Yōon are represented in hiragana using a kana ending in i, such as き (ki), plus a smaller version of one of the three y kana, ya, yu or yo. For example, kyō, "today" (今日), is written きょう [kʲoo], using a small version of the yo kana, よ. Contrast this with kiyō, "skillful" (器用), which is written きよう [kijoo], with a full-sized yo kana. In historical kana orthography, yōon were not distinguished with the smaller kana, and had to be determined by context.
In earlier Japanese, yōon could also be formed with the kana wa, wi, we, and wo; for example, くゎ/クヮ kwa, くゐ/クヰ kwi, くゑ/クヱ kwe, くを/クヲ kwo. Although obsolete in modern Japanese, kwa and kwi can still be found in several of the Ryukyuan languages today, while kwe is formed with the digraph くぇ. Instead of the kana き, these are formed with the kana for ku, く/ク.
In Japanese Braille, Yōon is indicated with one of the yōon, yōon+dakuten, or yōon+handakuten prefixes.

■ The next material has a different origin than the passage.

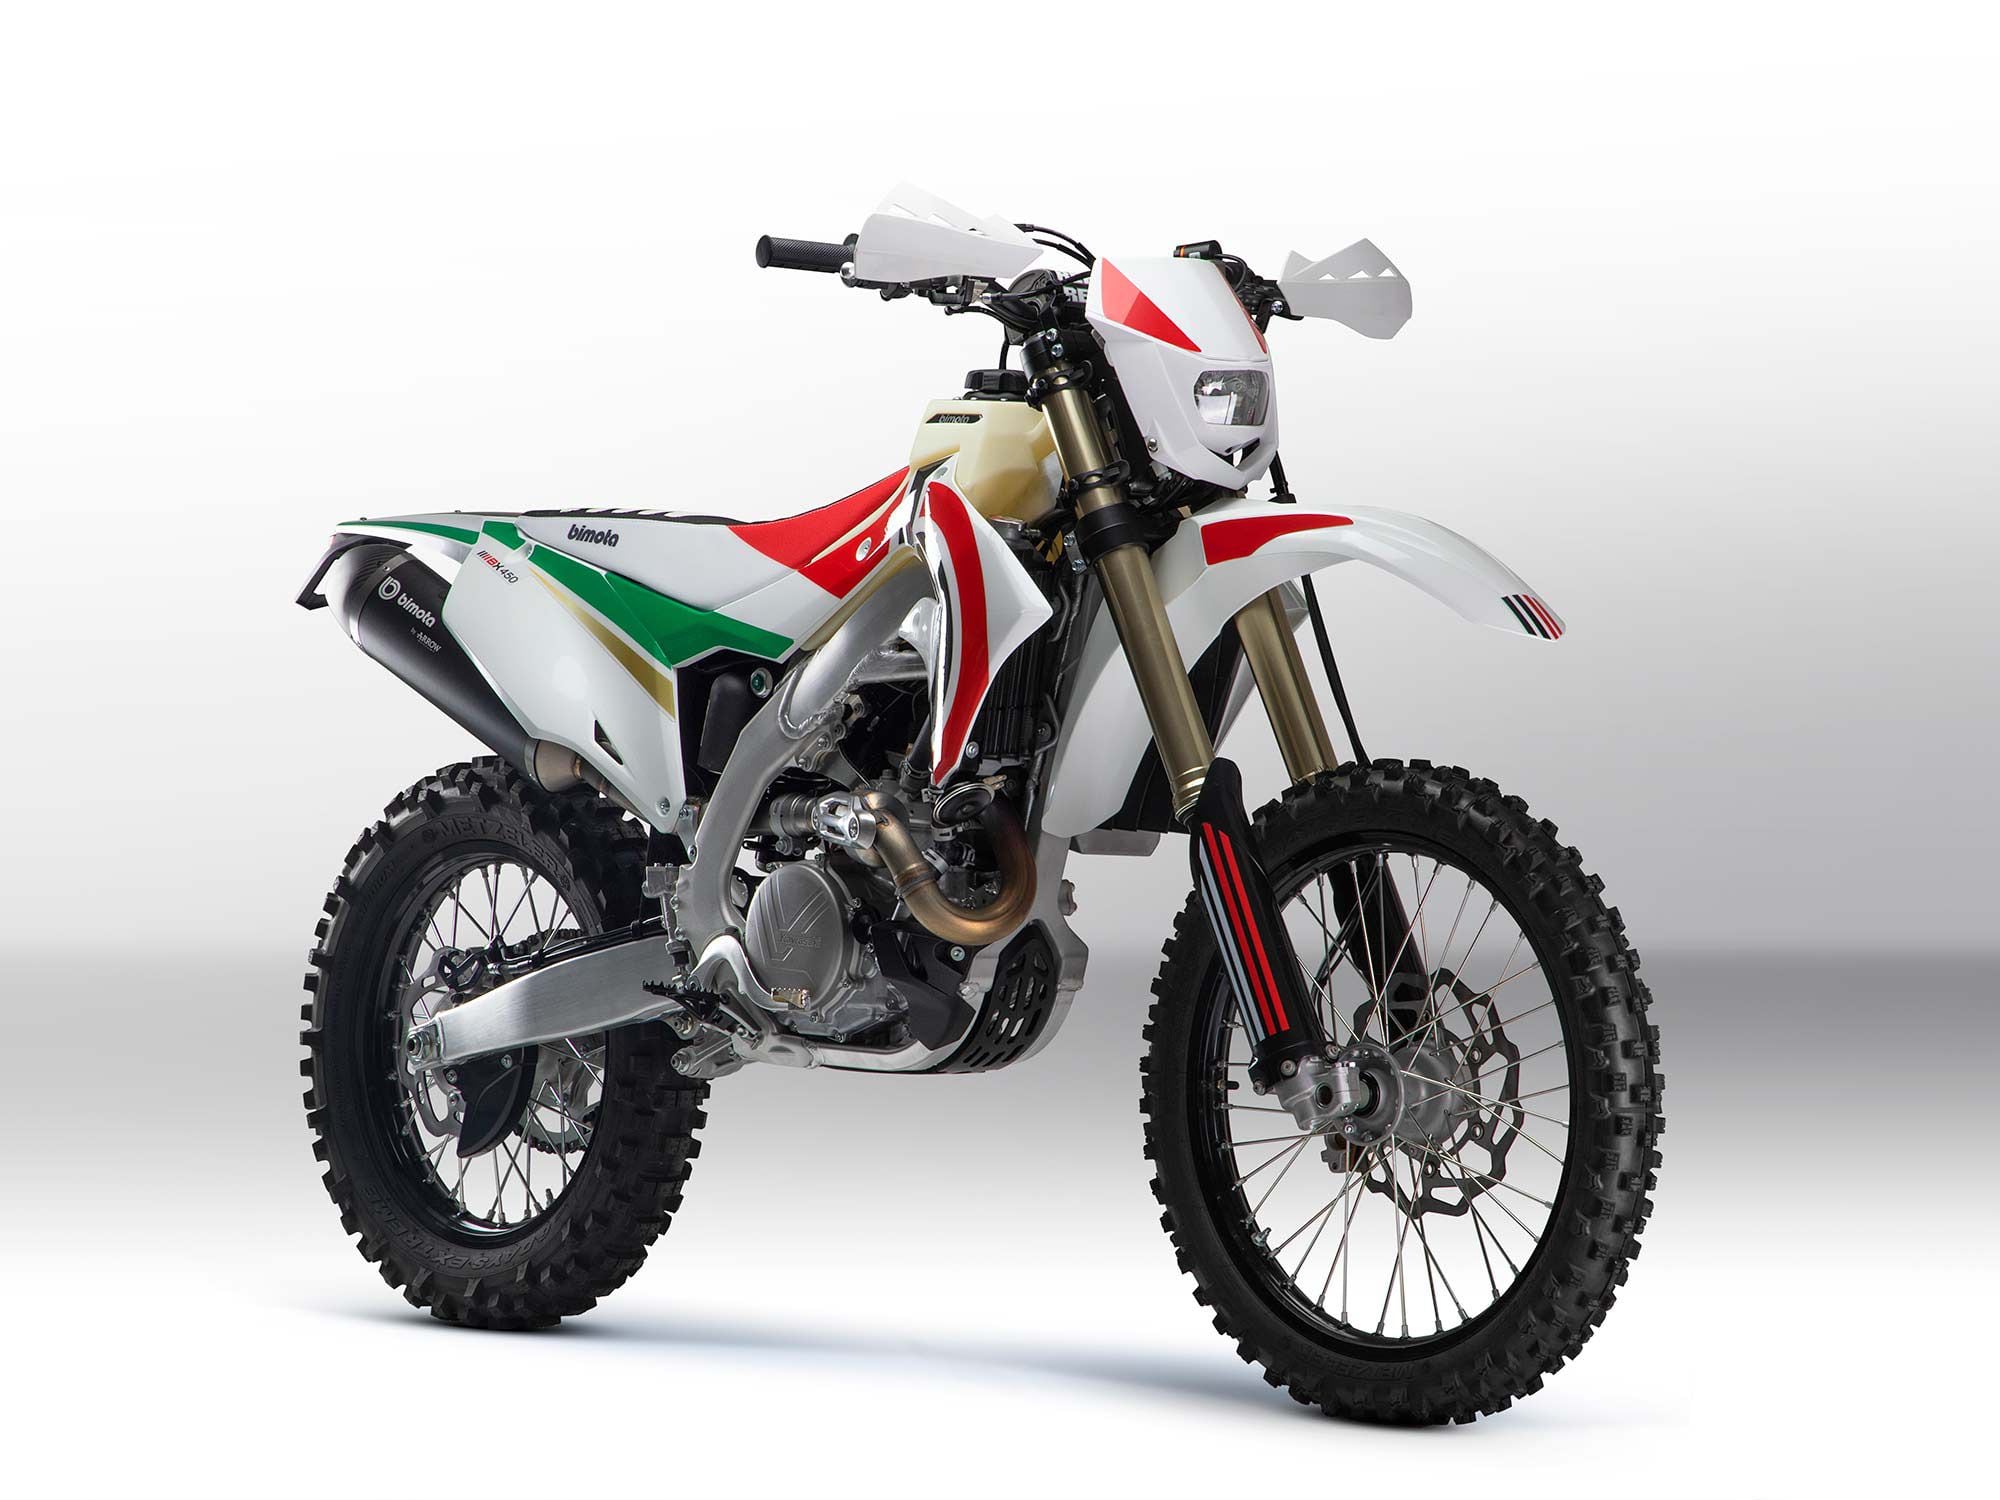 The 2023 Bimota BX450 is ready for some serious off-road action due to some simple upgrades to the already-proven Kawasaki KX450X cross-country model.
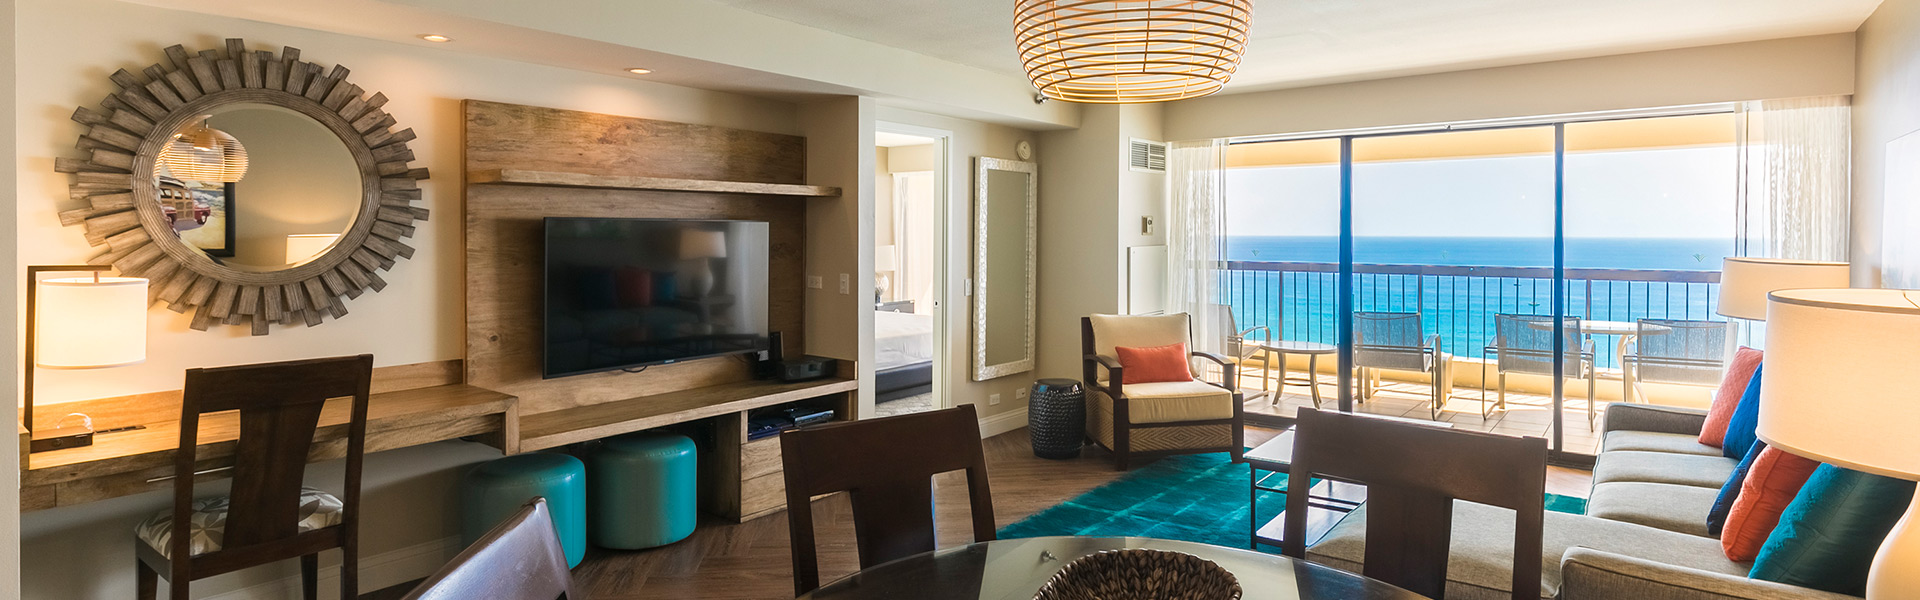 Guest suite living area with seating, TV, and balcony with view of ocean

Unlike in kana, Braille yōon is prefixed to the -a/-u/-o syllables, rather than appending ya, yu or yo to an -i kana, e.g. kyu: きゅ - ki + yu →⠈⠩ - yōon + ku. Likewise, the -w- syllables are indicated by a prefix of the -a/-i/-e/-o syllables, rather than an -u syllable, e.g. くぁ / くゎ (kwa) = -w- + ka: ⠢⠡.